--- About this exercise ---
Without the pictures, set down everything in the listing exactly.

--- Dataset content ---
- Opening Delimiter -
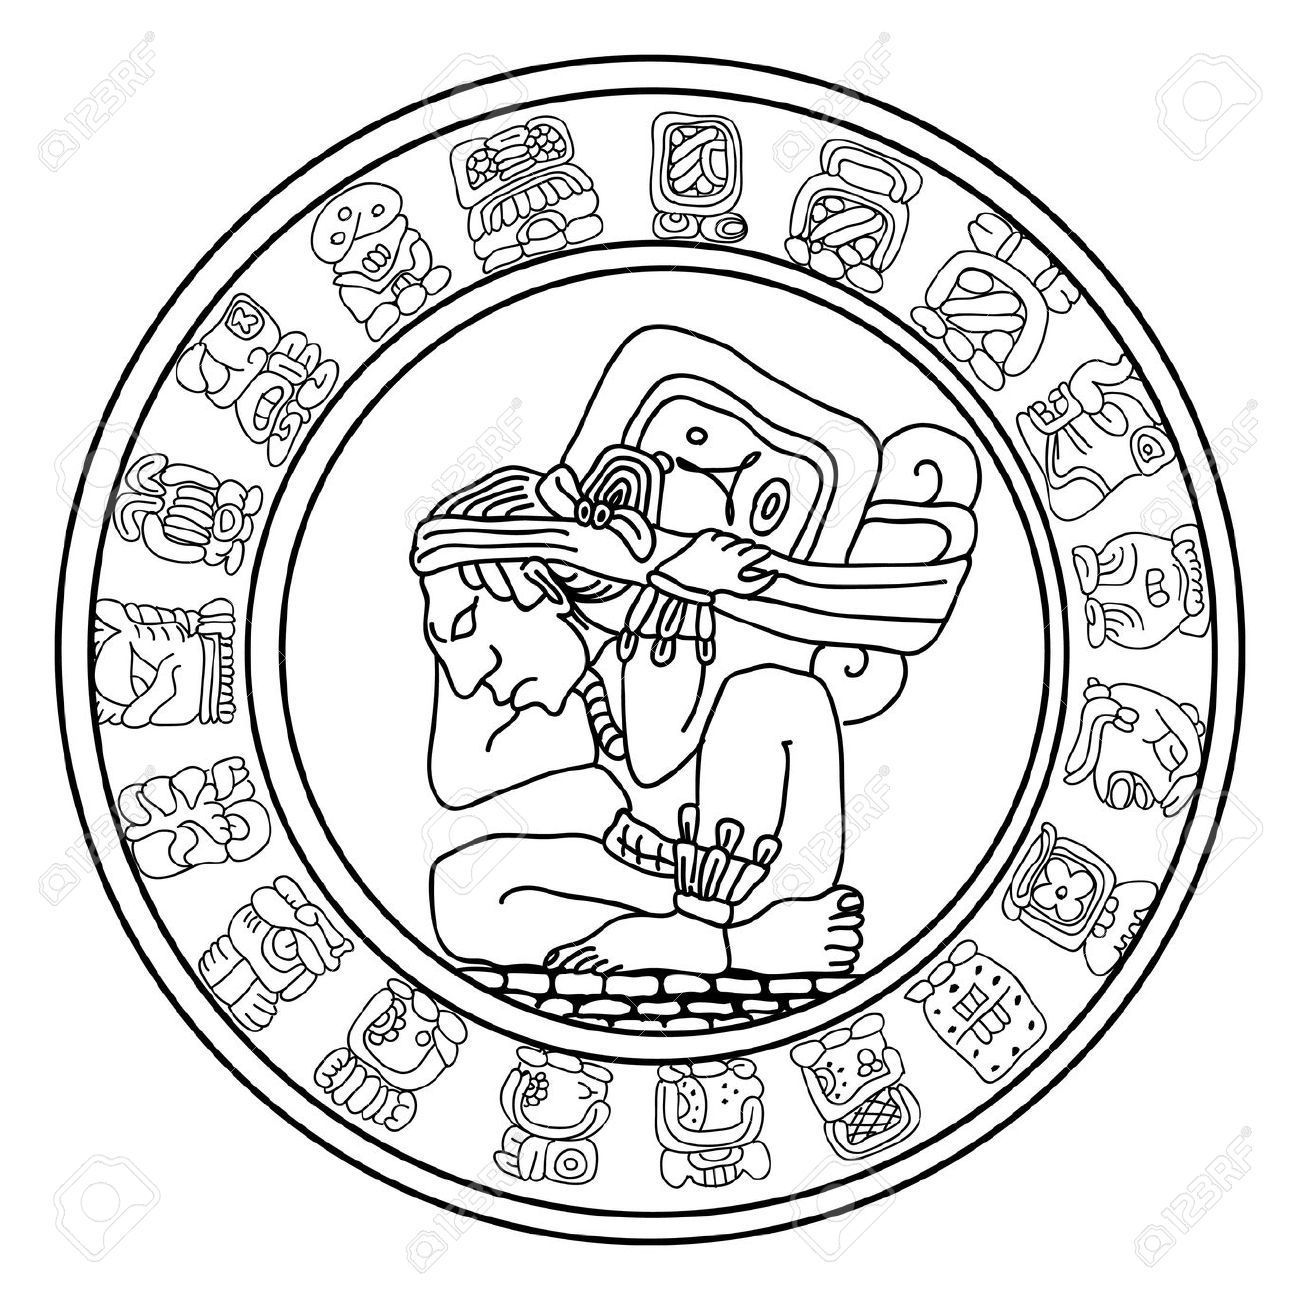 Image Result For Imagenes Para Serigrafia Gratis Mayan Symbols Mayan Art Aztec Art
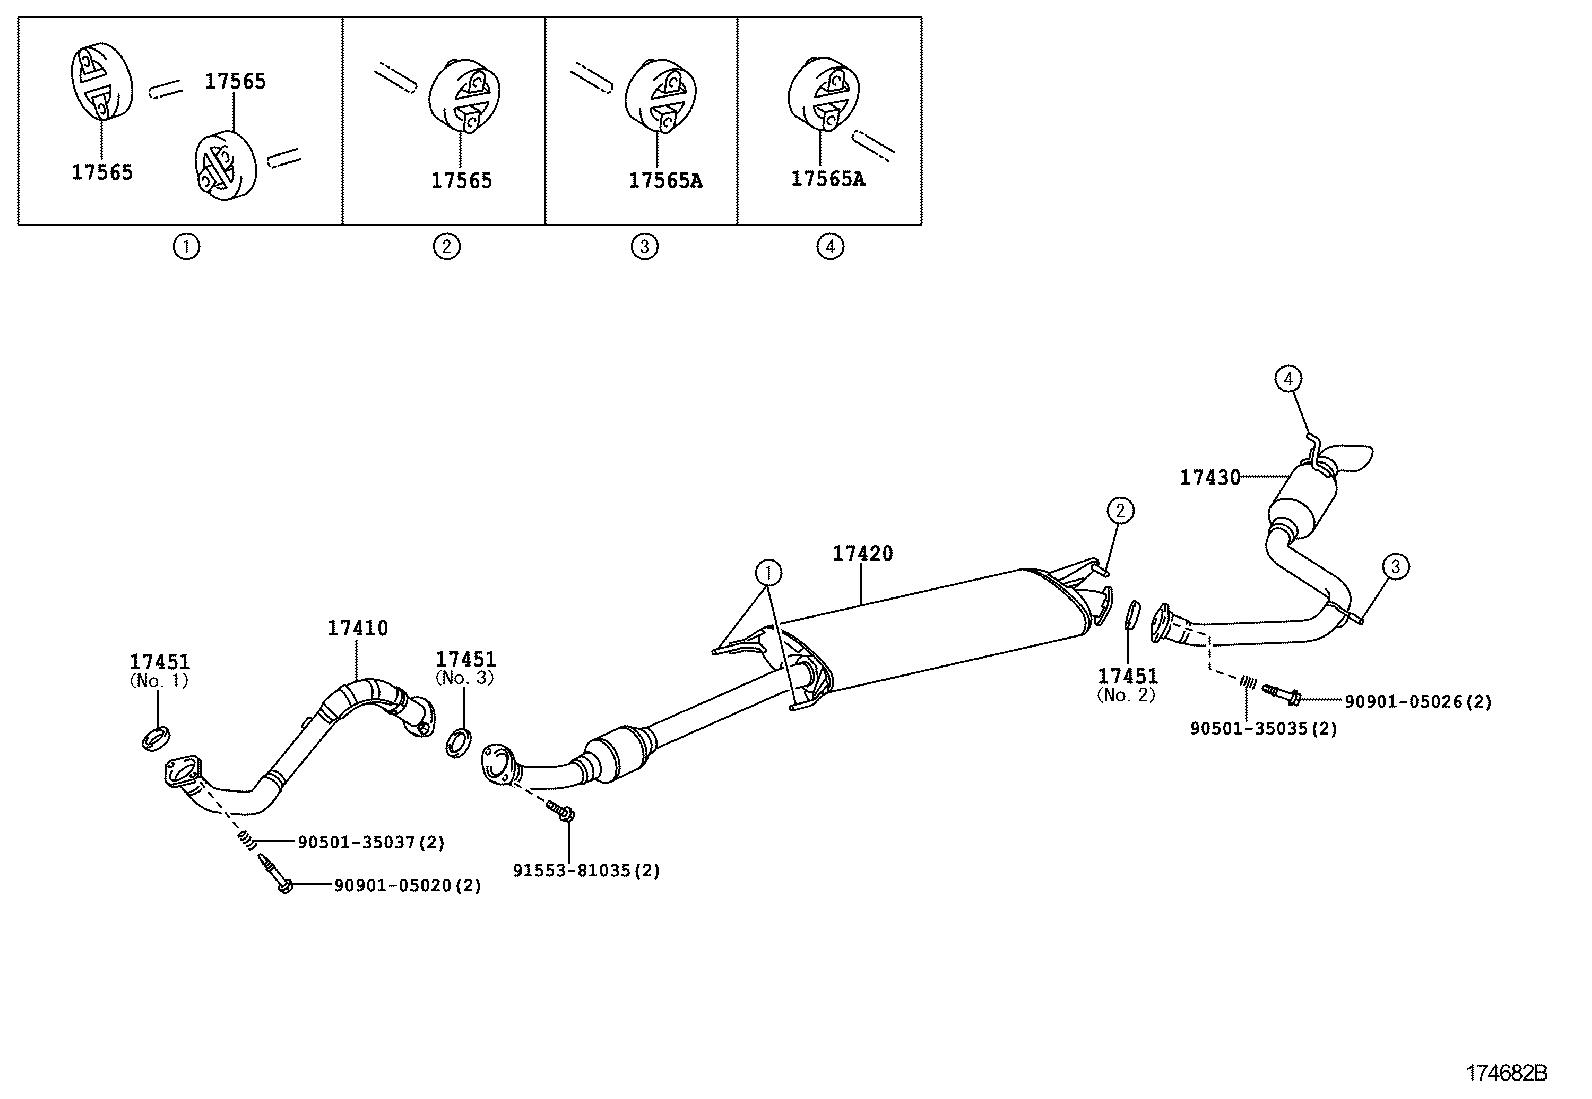 Rav4 Engineering Diagram - Wiring Diagram
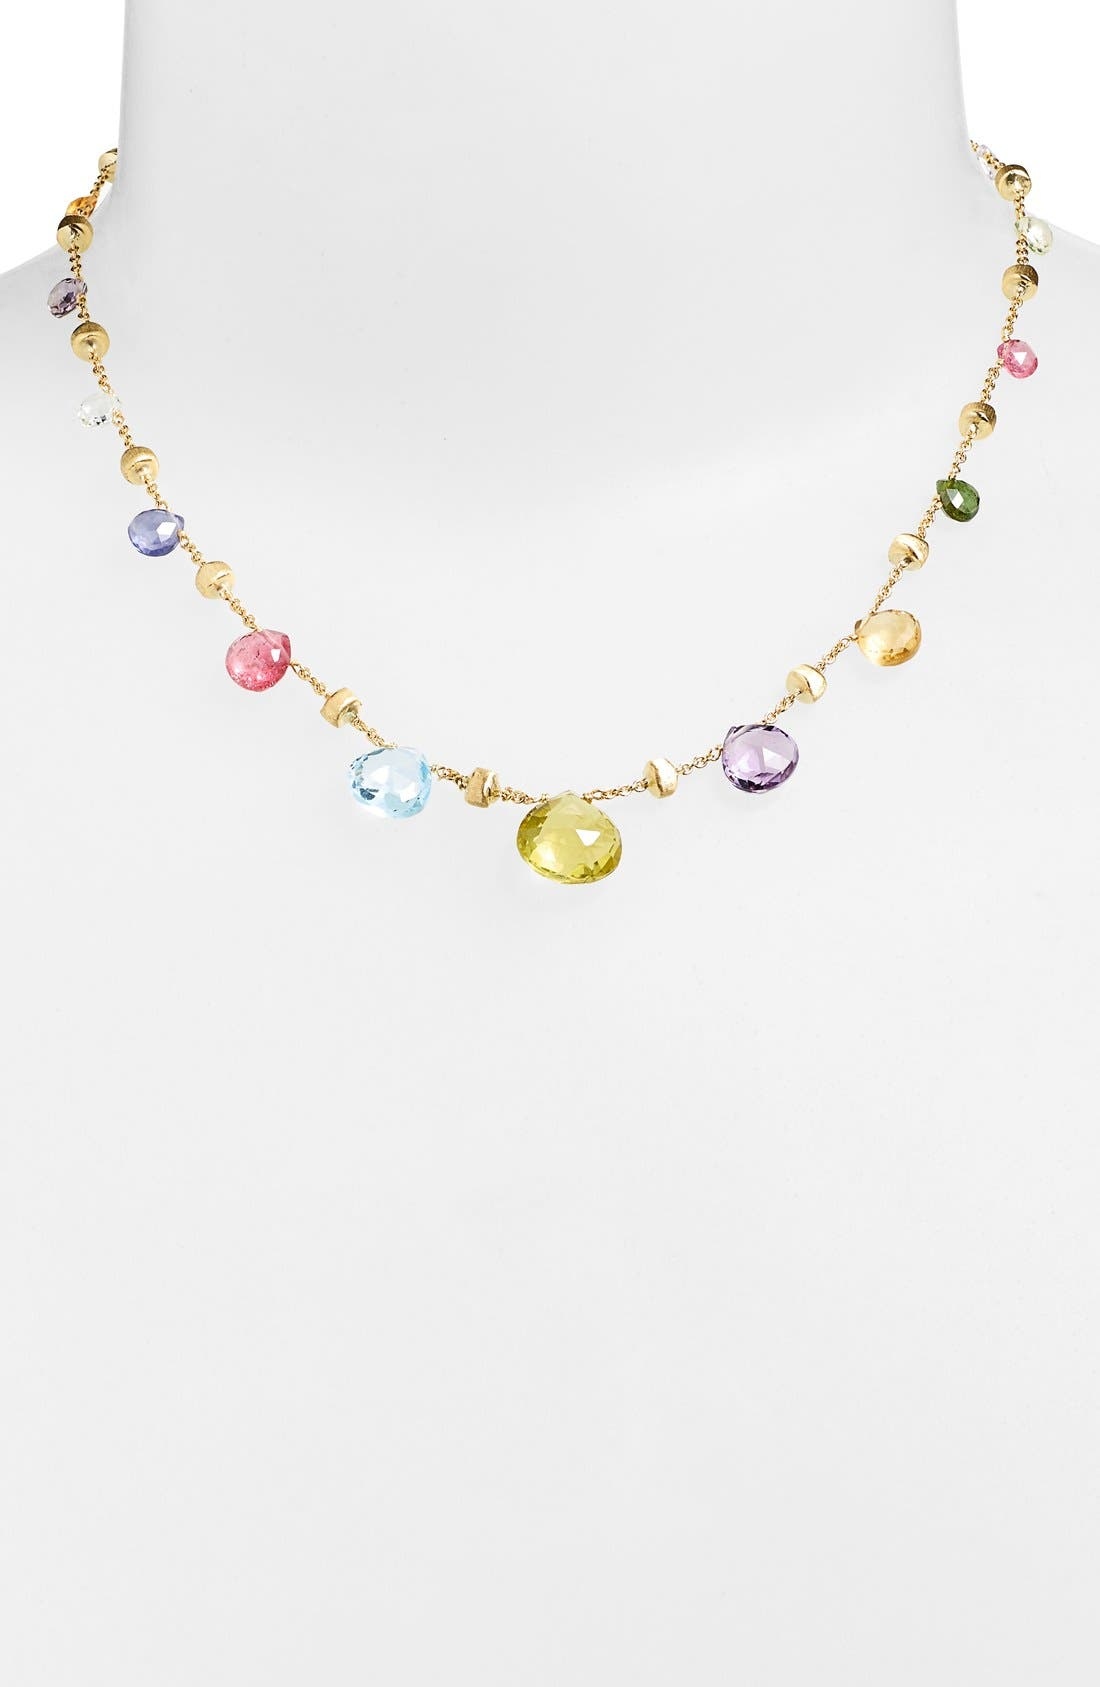 Main Image - Marco Bicego 'Paradise' Collar Necklace
- Closing Delimiter -
--- Task solution ---
 Image Result For Imagenes Para Serigrafia Gratis Mayan Symbols Mayan Art Aztec Art
 Rav4 Engineering Diagram - Wiring Diagram
 Main Image - Marco Bicego 'Paradise' Collar Necklace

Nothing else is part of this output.